Without the pictures, write the listing below out again, line for line.

Start of INFORMATION PROVIDED

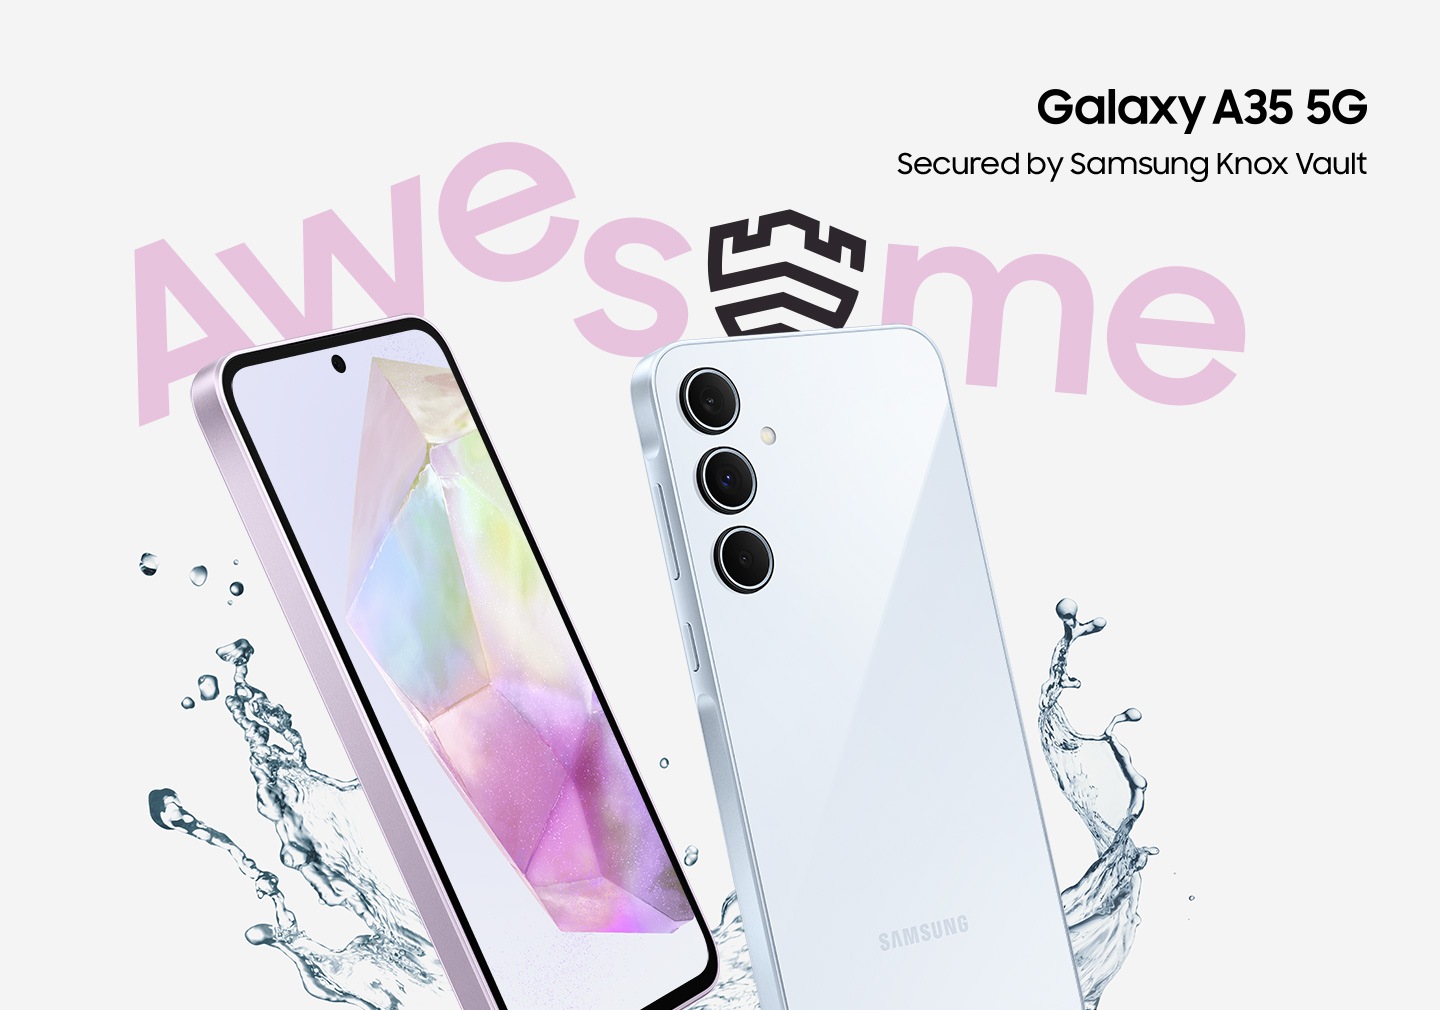 ภาพของสมาร์ทโฟนสองเครื่องที่เอียงทำมุมอยู่พร้อมกับมีน้ำกระเซ็นอยู่โดยรอบและมีคำว่า 'AWESOME' อยู่ด้วย หน้าจอของโทรศัพท์แสดงวอลเปเปอร์แบบไล่ระดับสีอยู่ และด้านหลังก็มีกล้องสามตัว โลโก้ Galaxy A35 5G มีข้อความเขียนไว้ว่า Secured by Samsung Knox Vault
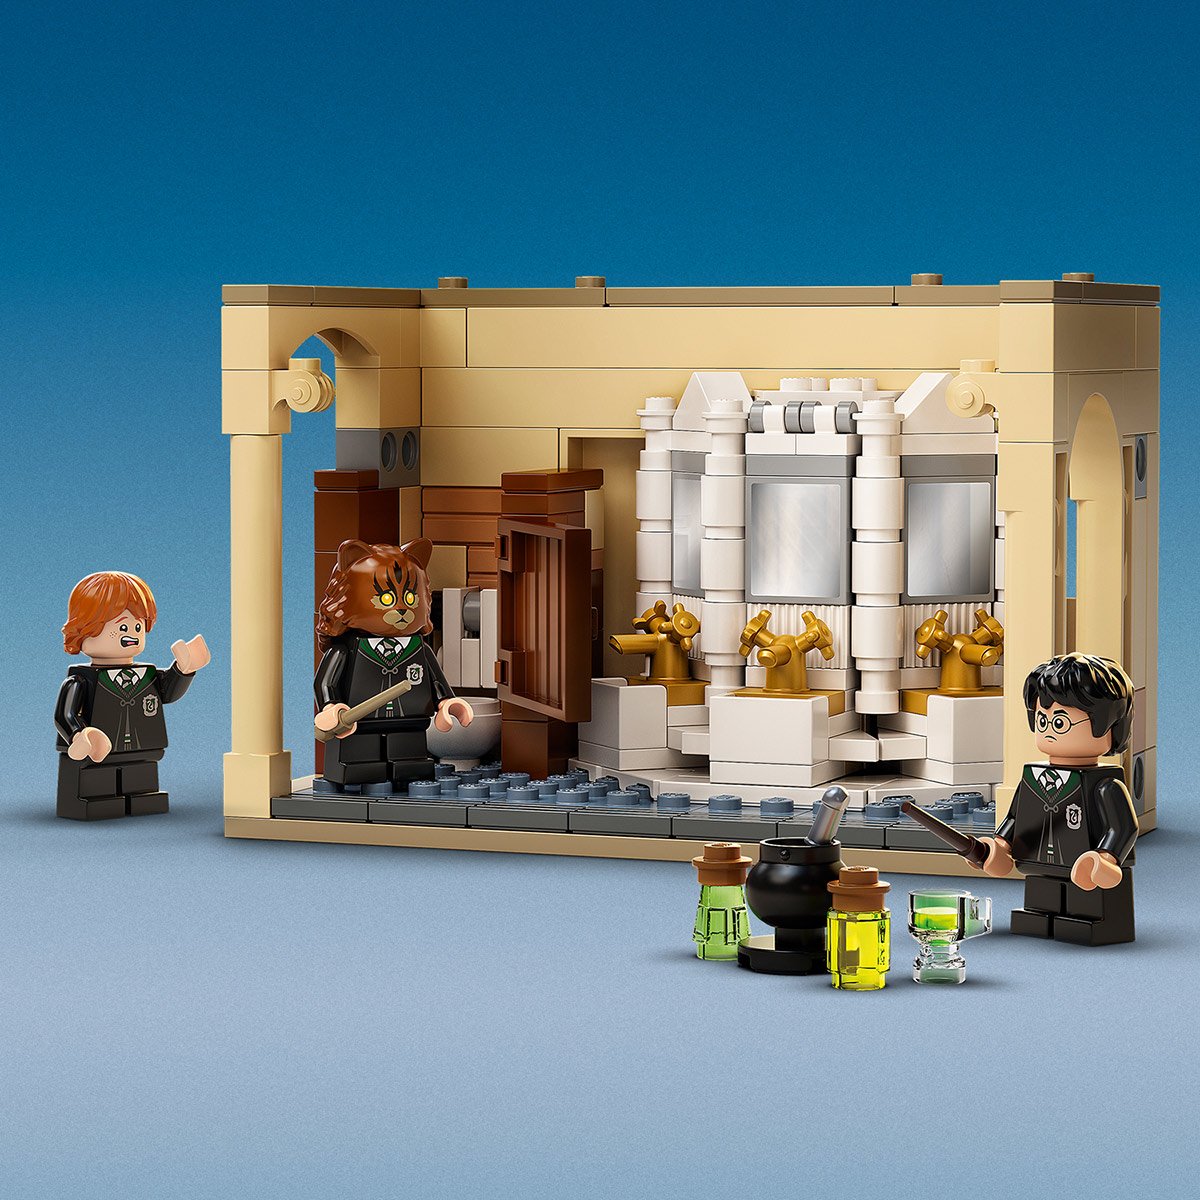 Lego Harry Potter - La Chambre des Secrets de Poudlard, Jouets de
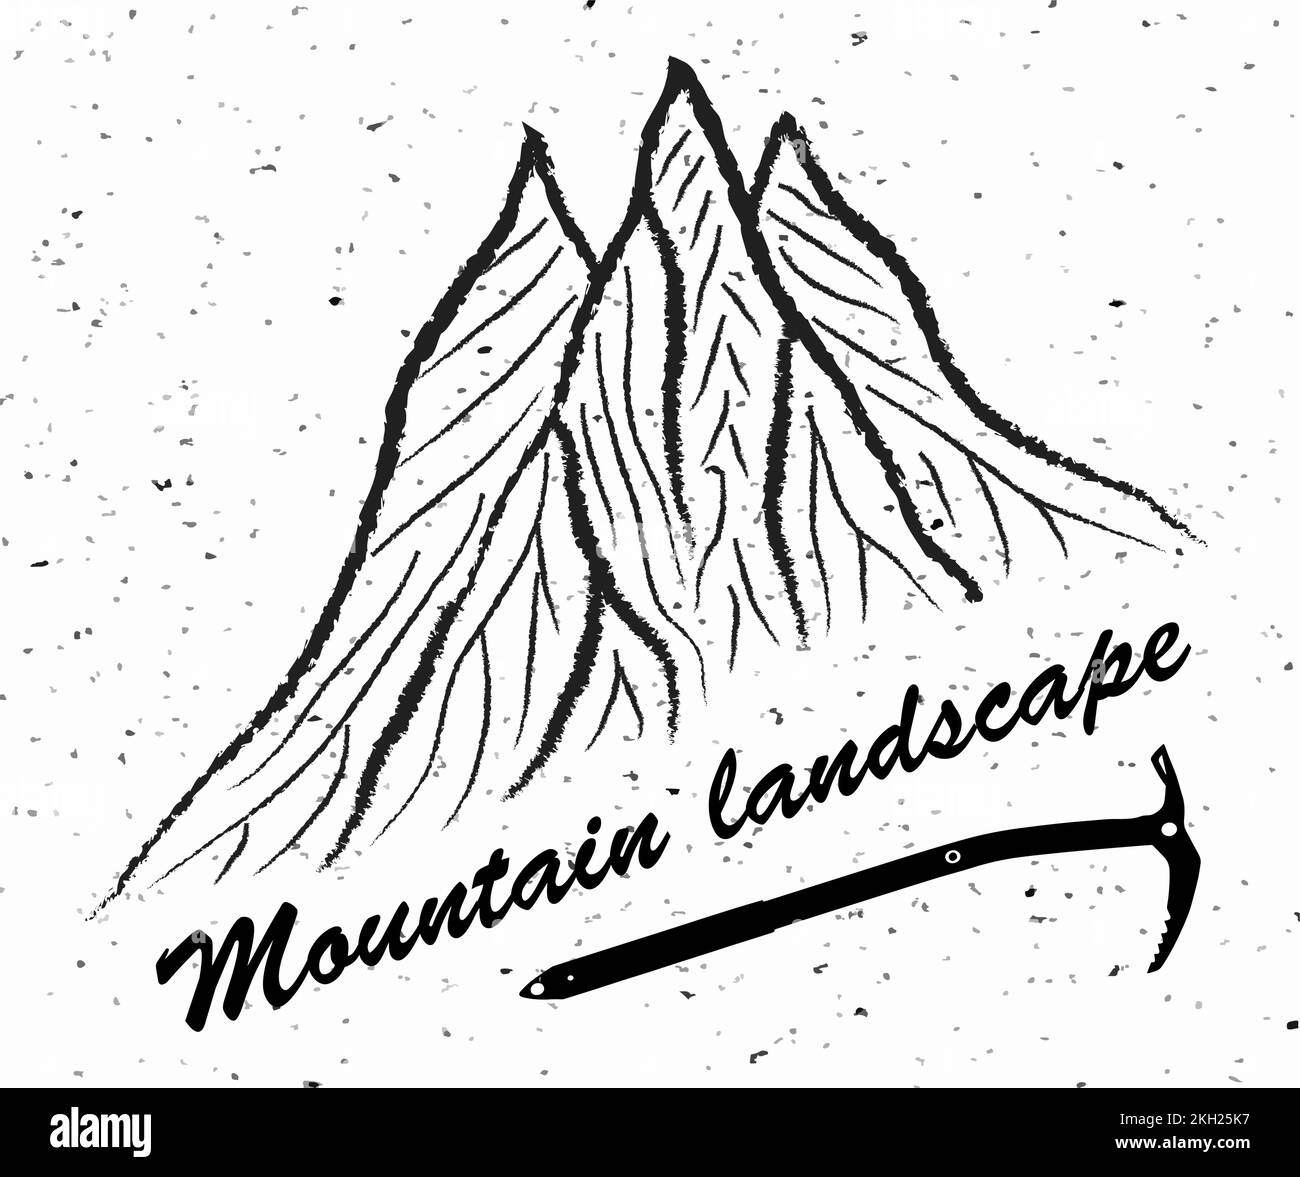 Montagnes et hache de glace avec texte Paysage de montagne, logo d'illustration vectorielle, noir et blanc Illustration de Vecteur
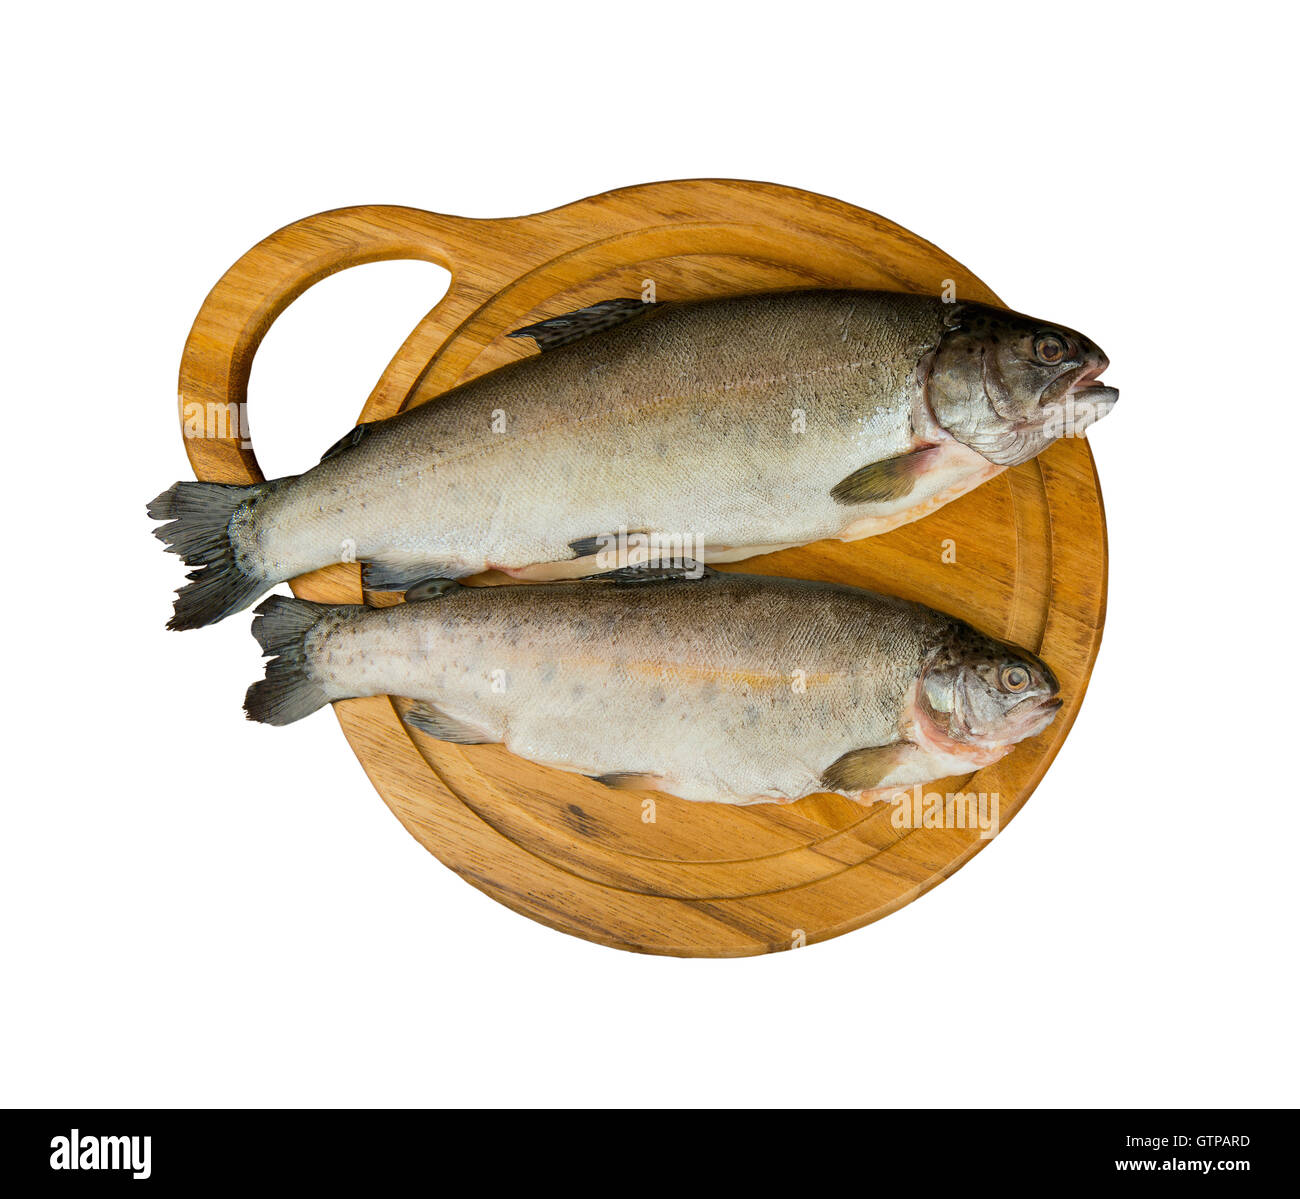 Fresco pesce crudo trote è due pezzi sulla tavola per il taglio di prodotti alimentari top view - isolato su bianco Foto Stock

End of INFORMATION PROVIDED

RESPONSE:
 ภาพของสมาร์ทโฟนสองเครื่องที่เอียงทำมุมอยู่พร้อมกับมีน้ำกระเซ็นอยู่โดยรอบและมีคำว่า 'AWESOME' อยู่ด้วย หน้าจอของโทรศัพท์แสดงวอลเปเปอร์แบบไล่ระดับสีอยู่ และด้านหลังก็มีกล้องสามตัว โลโก้ Galaxy A35 5G มีข้อความเขียนไว้ว่า Secured by Samsung Knox Vault
 Lego Harry Potter - La Chambre des Secrets de Poudlard, Jouets de
 Montagnes et hache de glace avec texte Paysage de montagne, logo d'illustration vectorielle, noir et blanc Illustration de Vecteur
 Fresco pesce crudo trote è due pezzi sulla tavola per il taglio di prodotti alimentari top view - isolato su bianco Foto Stock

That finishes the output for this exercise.